Eu não acho que seja correto dizer que “o Ocidente” ficará feliz com a queda de Misrata. Ele agora quer ver o derrube de Khadaffi, mesmo que tivesse acordos com ele anteriormente. O Ocidente até gostaria de intervir de forma decisiva para garantir a vitória dos rebeldes – se tivesse as forças de terra e não fosse limitado por receios de uma missão deficiente. Como não podia fazer isso em primeira instância, daí os ataques aéreos. Existem alguns na Esquerda, que argumentaram que o imperialismo desejava permanecer ao nível da “zona de exclusão aérea” militar. Nós escrevemos que o imperialismo queria “apoio perfeitamente separado para a acção deste carácter a partir das perspectivas mais amplas dos poderes que estão a tomar tal acção”. Eles argumentaram que “a ONU, com a Grã-Bretanha e França como seus instrumentos, fixou objectivos muito limitados na Líbia”.

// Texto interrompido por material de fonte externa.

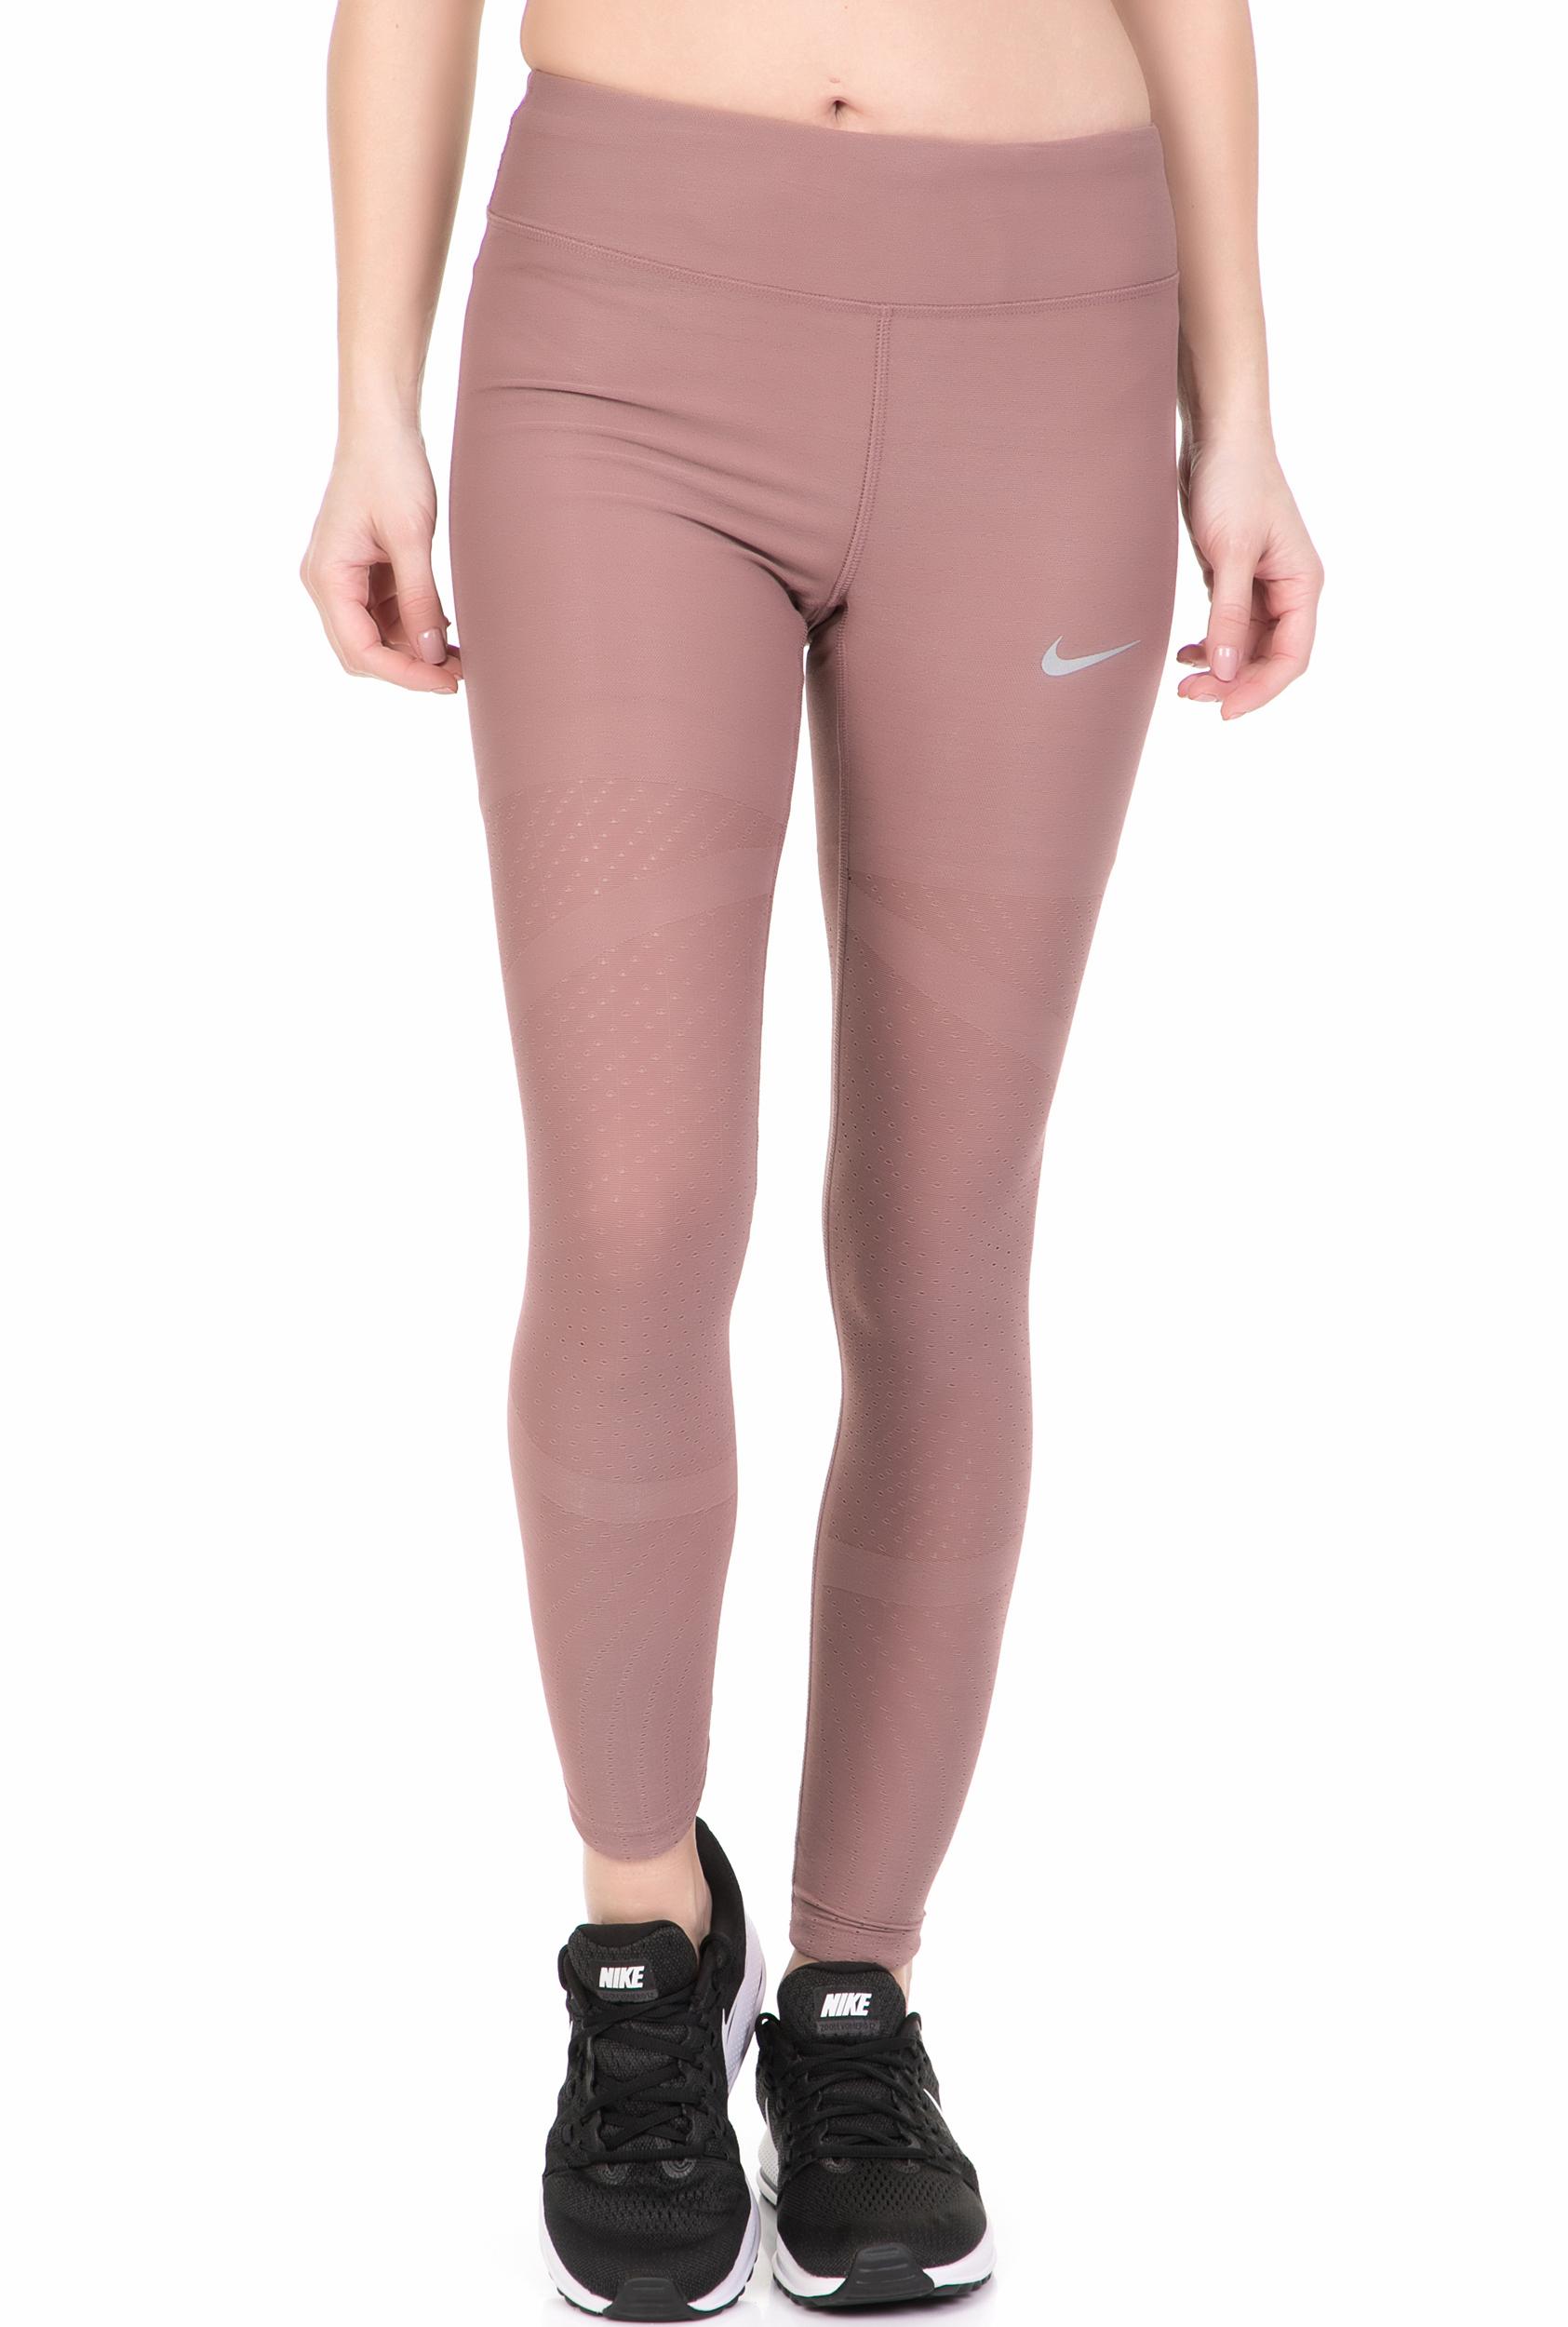 88ed097ebc8b NIKE - Γυναικείο κολάν για τρέξιμο Nike Epic Lux Athena ροζ

Depois do nosso artigo, Obama, Cameron, Hage e Sarkozy todos indicavam que estavam a trabalhar para o derrube de Khadaffi. Hage anunciou o envio de “assessores” britânicos – na realidade, o SAS – para o leste da Líbia. Esta foi a maneira que a intervenção dos EUA começou na guerra do Vietnanme. A Líbia não será uma repetição da guerra do Vietname, mas os ataques aéreos são apenas o começo da invasão imperialista, cujo objectivo é sabotar a revolução vinda de baixo, de uma forma semelhante aos que ocorreram no Médio Oriente e Norte de África.

É claro que o Chris e muitos outros que compartilham de seus pontos de vista não pretendem “apoiar a intervenção imperialista”. Mas de boas intenções está o inferno cheio! Ataques aéreos estrangeiros por potências imperialistas são intervenções militares. Os rebeldes são apenas umas pequenas mudanças nos cálculos do imperialismo. Eles estão muito mais interessados ​​em reservas de petróleo da Líbia e, mais importante, em suster e sabotar uma revolução mais ampla na região. É por esta razão que nos opomos à zona de exclusão aérea desde o início.

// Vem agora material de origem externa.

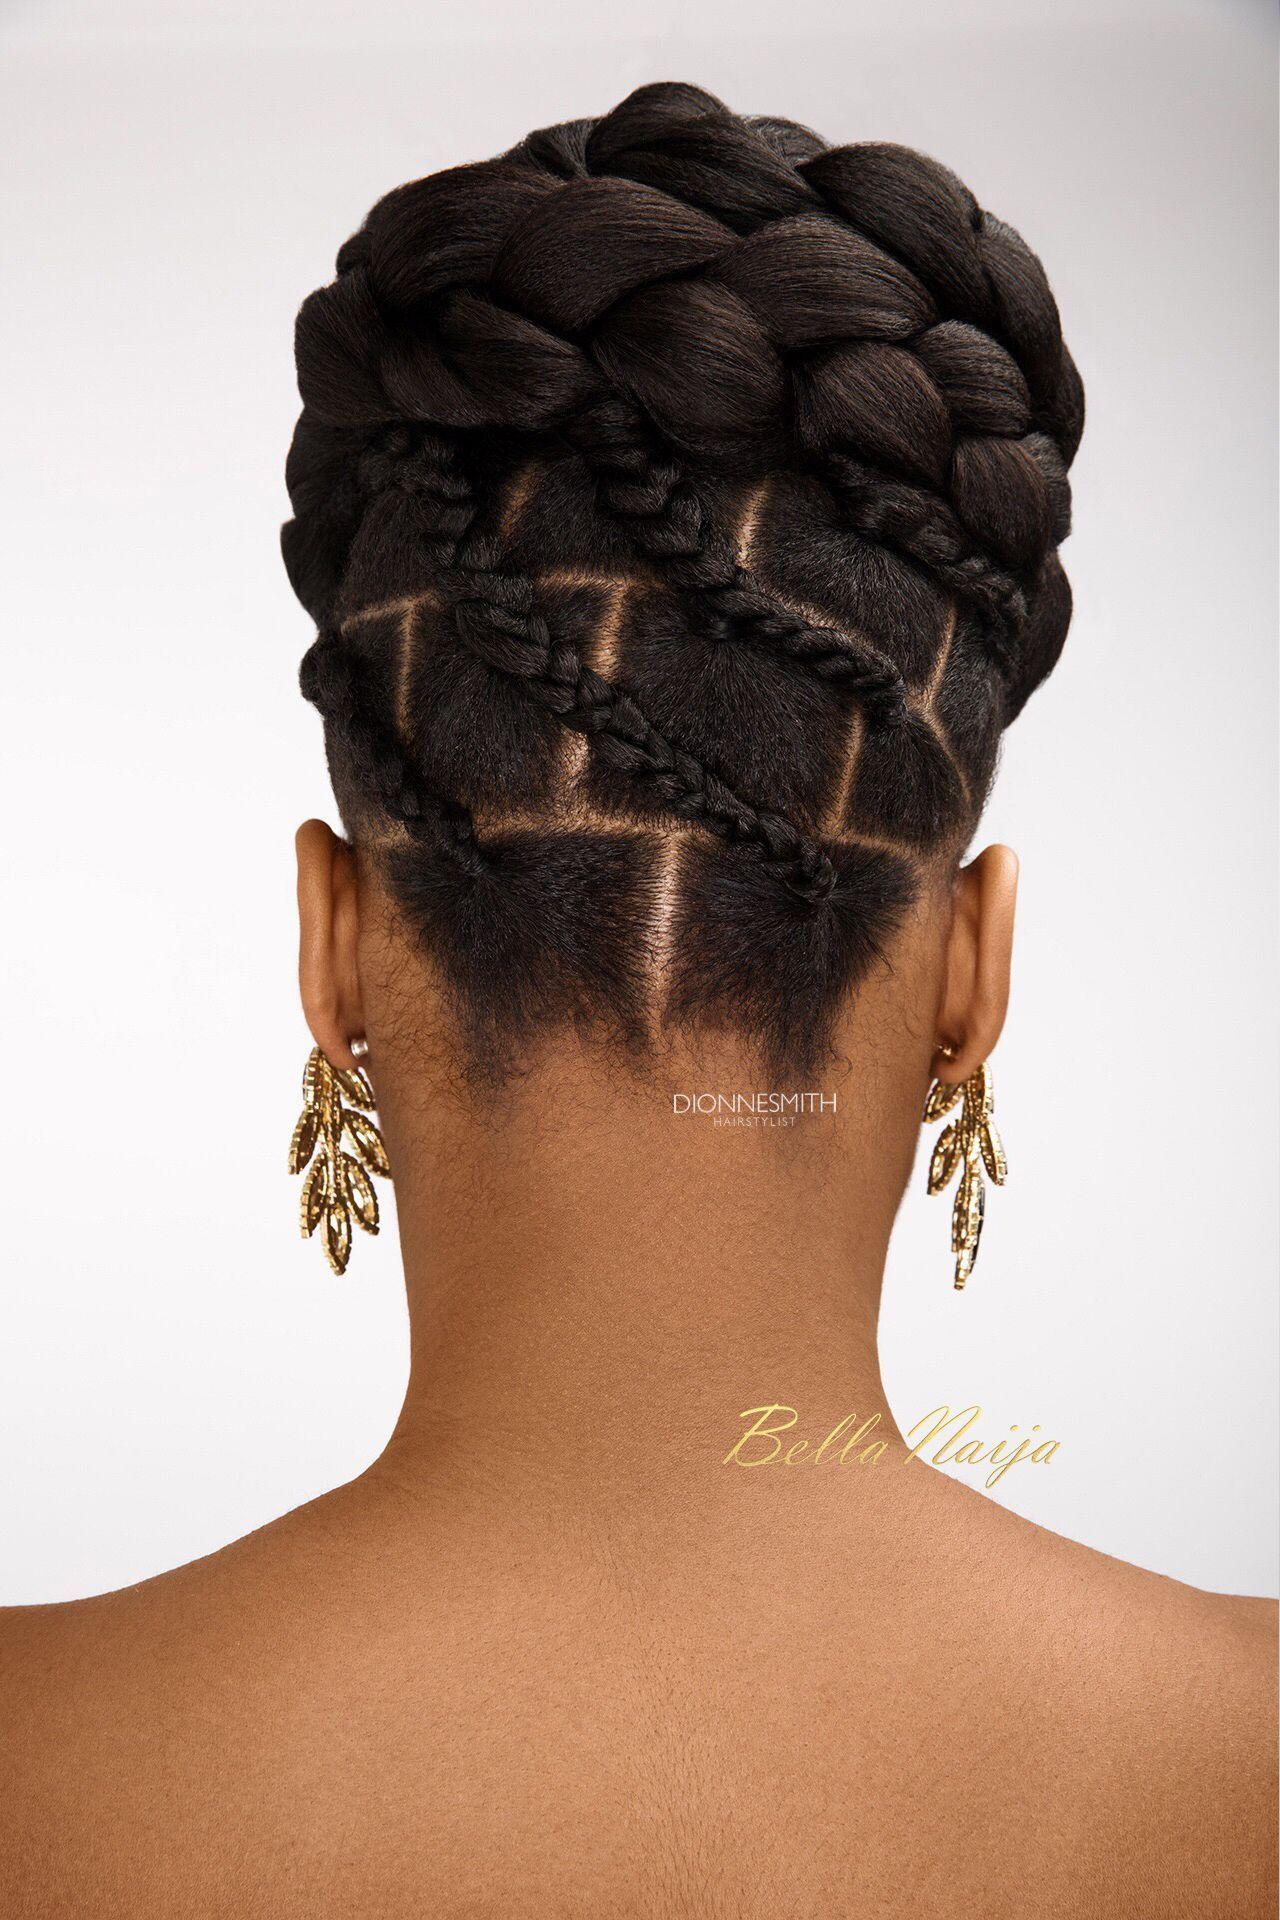 BN Bridal Beauty International Bridal Hair Specialist Dionne Smith presents Elegant Evening

Mas há um problema vital adicional: a consciência das massas líbias. Apelar à “ajuda” externa – e além disso, o inimigo de classe – reforça os apelos de Khadaffi para defender o país do imperialismo. Tal apelo reduz a consciência da classe trabalhadora, enfraquecendo a sua capacidade de luta de forma independente. Na Palestina, nos territórios ocupados, pelo menos, as massas estavam maioritáriamente passivas, à espera de libertação através do “anjo vingador ” da Organização de Libertação da Palestina (OLP) e sua luta militar lançada de fora do país. Somente quando a OLP foi derrotada e expulsa do Líbano criaram-se as condições para as massas palestinianas agirem de forma independente nos territórios ocupados através das Intifadas.

As maravilhosas revoluções no Egipto e na Tunísia esmagaram a ideia de que as massas do Médio Oriente e do Norte de África poderiam ser libertadas somente através de uma intervenção externa – o argumento do imperialismo usado em relação ao Iraque. Subrepticiamente, o imperialismo está a tentar ressuscitar essa doutrina em relação à Líbia, infelizmente com a ajuda das organizações ultra-esquerdistas que, invariavelmente, adoptam uma posição oportunista, particularmente em questões cruciais, como a guerra.

Seria errado, portanto, para nós dar qualquer tipo de suporte à intervenção imperialista na forma de zonas de exclusão aérea – pelas razões expostas acima e no artigo original.